Most of them got out, but several had burns. The others had died when the shell had
punched out a long tangent of armor along the aft edge of the barbette and
exploded, scouring much of the inside with red hot metal shards.
He and his men hardly had time to conduct a crude
head count before they were swept up by a senior officer and sent off to fight
another fire. This one was from a hit by
Vanguard that had gone through the upper belt and detonated as it hit the plate
at the end of tunneling through a coal bunker.

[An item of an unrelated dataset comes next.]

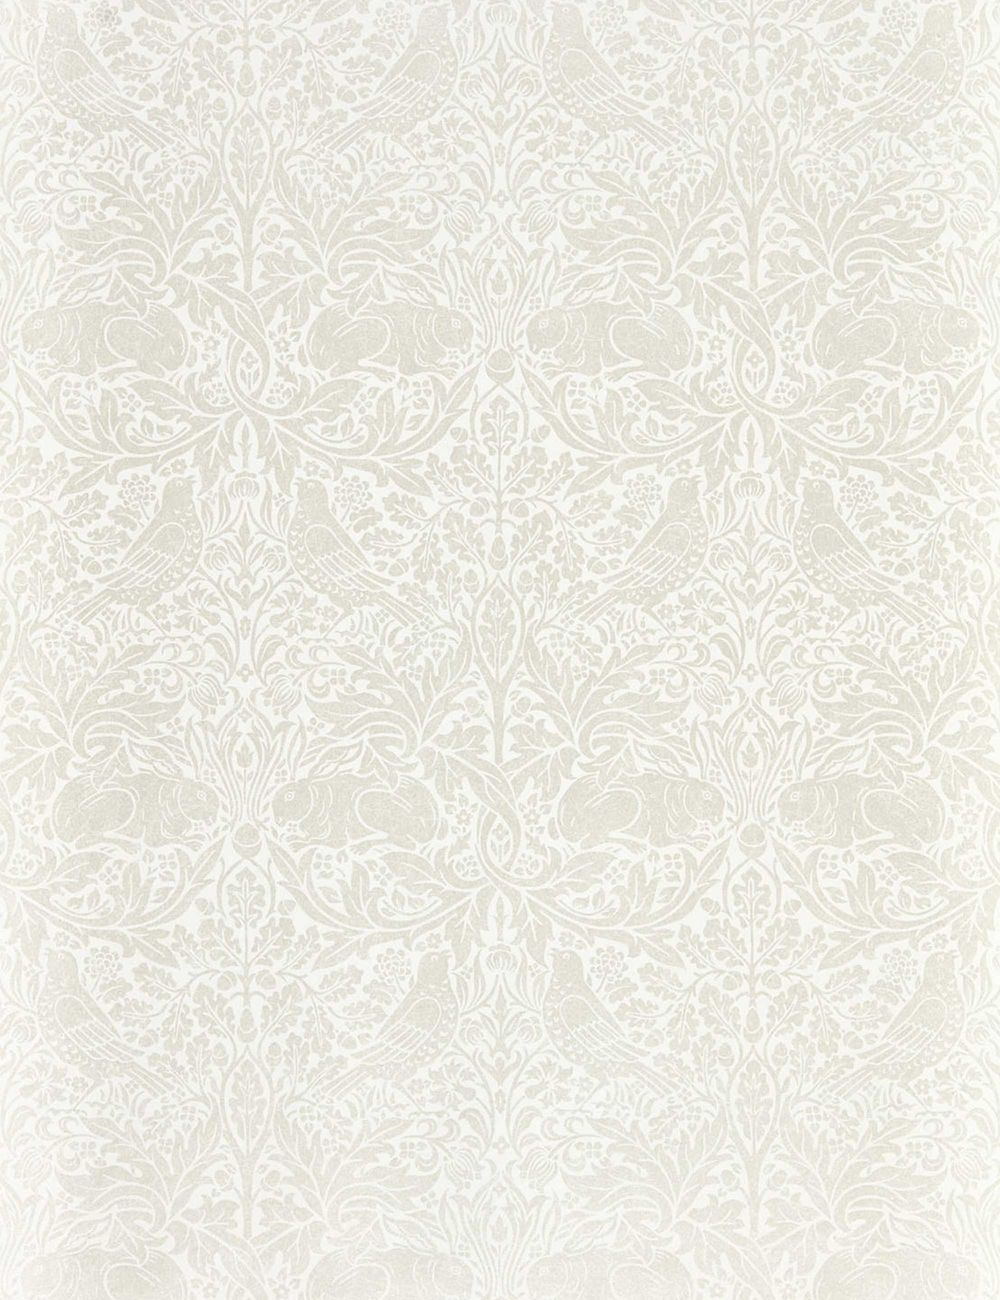 MORRIS & CO. PURE BRER RABBIT WALLPAPER, WHITE CLOVER - Image 0

They had just gotten the fire under control when Agincourt’s second
salvo sent a second shell through the armor within six feet of the same
place. This one hit along a bunker
divider causing the shell to go off within the bunker itself. The explosion blew out the weakened inner
bunker plate taking down most of Dierot’s DC team as it scattered coal shrapnel
up and down the passageway. Fortunately,
it did not start any new significant fires allowing Dierot’s men to regroup and
send off the injured.
---- Ostfriesland, course 080, speed 15 knots
“Gott in Himmel!”
Rudburg’s gunners had missed with their first
half-salvo, but not the second. One 305
mm shell smashed right through the hull at the base of the forward starboard
wing turret and detonated in the top of the barbette. All the charges within joined the explosion
and even the improved flash guards to the magazine never stood a chance. Colossus disappeared in a Great Tower of
flame that lit the scene far more brightly than all of the storm’s lightning
flashes together.
For several seconds, it turned night into day
regardless of the rain, revealing everything to everyone.